A simplified method using plasma ptau217 and MTL MRI to identify AD subphenotypes linked to non-AD factors like LATE-NC.

## Key findings

- Three distinct T-N groups were identified, including a vulnerable group with anterior MTL atrophy and worse cognitive outcomes.
- The resilient group showed less atrophy and better cognitive stability, suggesting protection from non-AD pathology.
- T-N mismatch patterns correlated with clinical ratings and memory impairment, indicating potential for therapeutic stratification.

## Abstract

The heterogeneity of Alzheimer's disease (AD) and lack of well‐validated markers of non‐AD factors (e.g. TDP‐43) present a substantial challenge for therapeutics. Our prior work showed discordance between tau (T) and neurodegeneration (N) identified non‐AD factors in AD through multi‐modality imaging. Here we tried a simplified approach using plasma ptau217 and medial temporal lobe (MTL) morphometry, given this region's common association with co‐pathologies, particularly LATE‐NC.
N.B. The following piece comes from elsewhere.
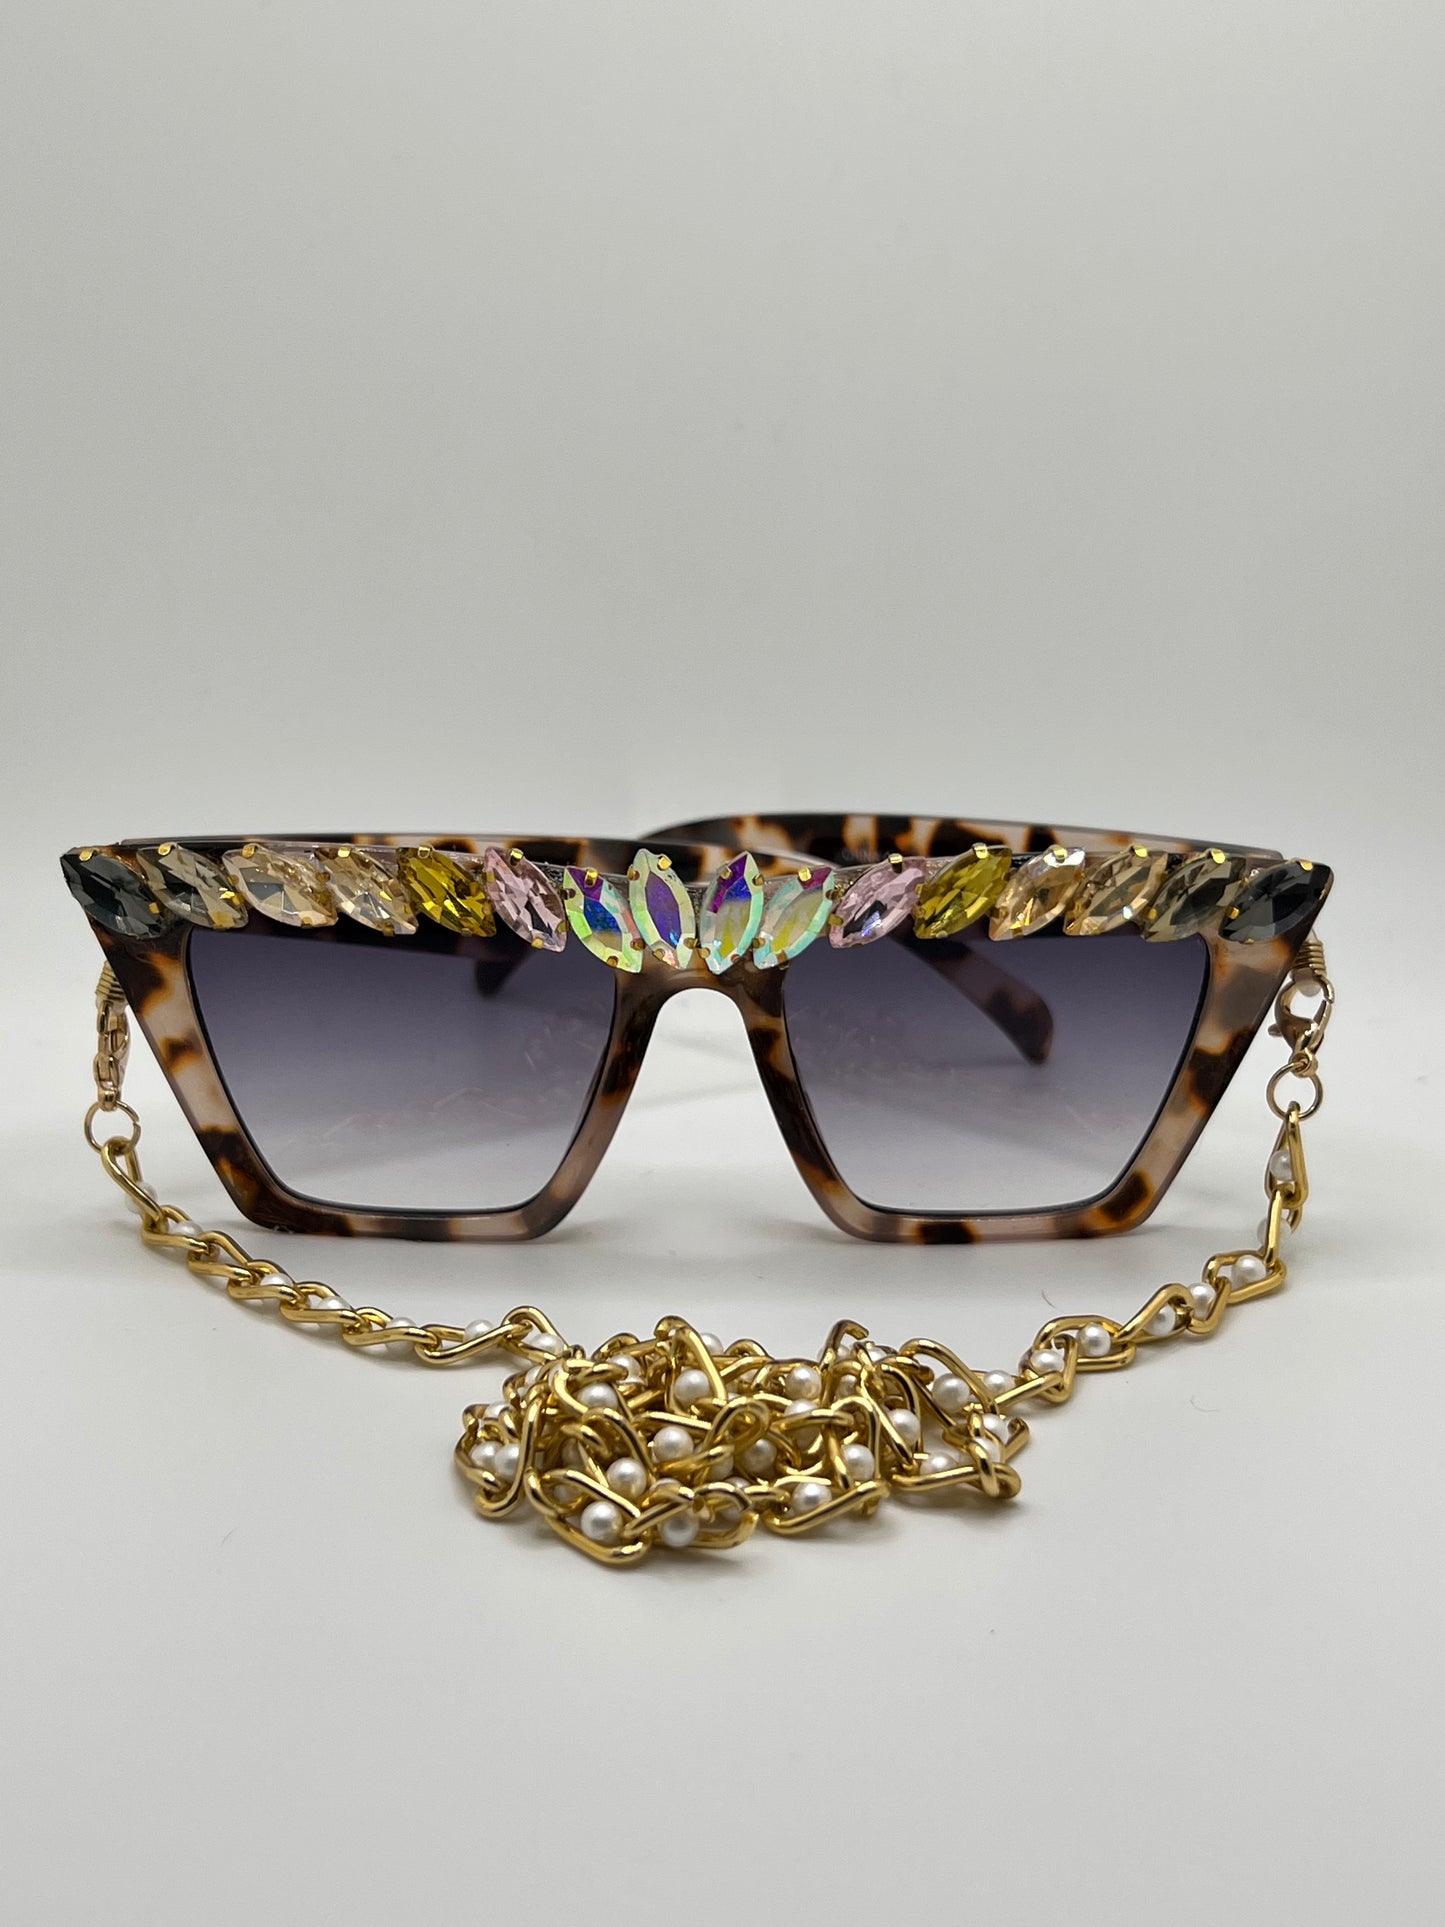 These marbled cat-eye frames sparkle with pearl and neutral rhinestones. They are the perfect bridal accent or music festival companion. They also come with a removable gold and pearl eyewear chain.

We included 349 ADNI participants (188 cognitively normal, 161 MCI/dementia) with paired T1‐MRI and plasma ptau217. The MTL was segmented into subregions and further parcellated into 100 bilateral super‐points within regional boundaries. T1‐MRI‐derived thickness and amygdala volume represented N, and plasma p‐Tau217 represented T. T‐N residuals, calculated through regression across super‐points and amygdala, were used for weighted clustering.

P‐Tau217 showed strong association with MTL atrophy (Figure 1A). Three distinct data‐driven T‐N groups were identified based on mismatch patterns (Figure 1B), including a canonical group (N∼T), a vulnerable group (N>T) with negative residuals primarily in anterior hippocampal and extrahippocampal areas, and a resilient group (N<T) with positive residuals.

After clustering, group comparisons were restricted to the AD continuum (i.e. A+). While groups differed in regional volumes (e.g., amygdala), tau severity did not vary (Table 1), suggesting these patterns were not driven by AD pathology. The vulnerable group, displayed greater anterior MTL atrophy aligning with their T‐N residual patterns, while the resilient group had less atrophy in anterior extrahippocampal area (Figure 2A). Outside the MTL, the vulnerable group showed greater anterior limbic atrophy whereas the resilient group showed less (Figure 2B).

The T‐N groups differed in Clinical Dementia Rating (CDR) with the vulnerable group having the worst ratings and the resilient group the best (Table 1). Notably, the vulnerable group demonstrated greater baseline memory impairment. Longitudinally, the vulnerable group also declined more severely across multiple cognitive domains while resilient group remained most stable (Figure 2C).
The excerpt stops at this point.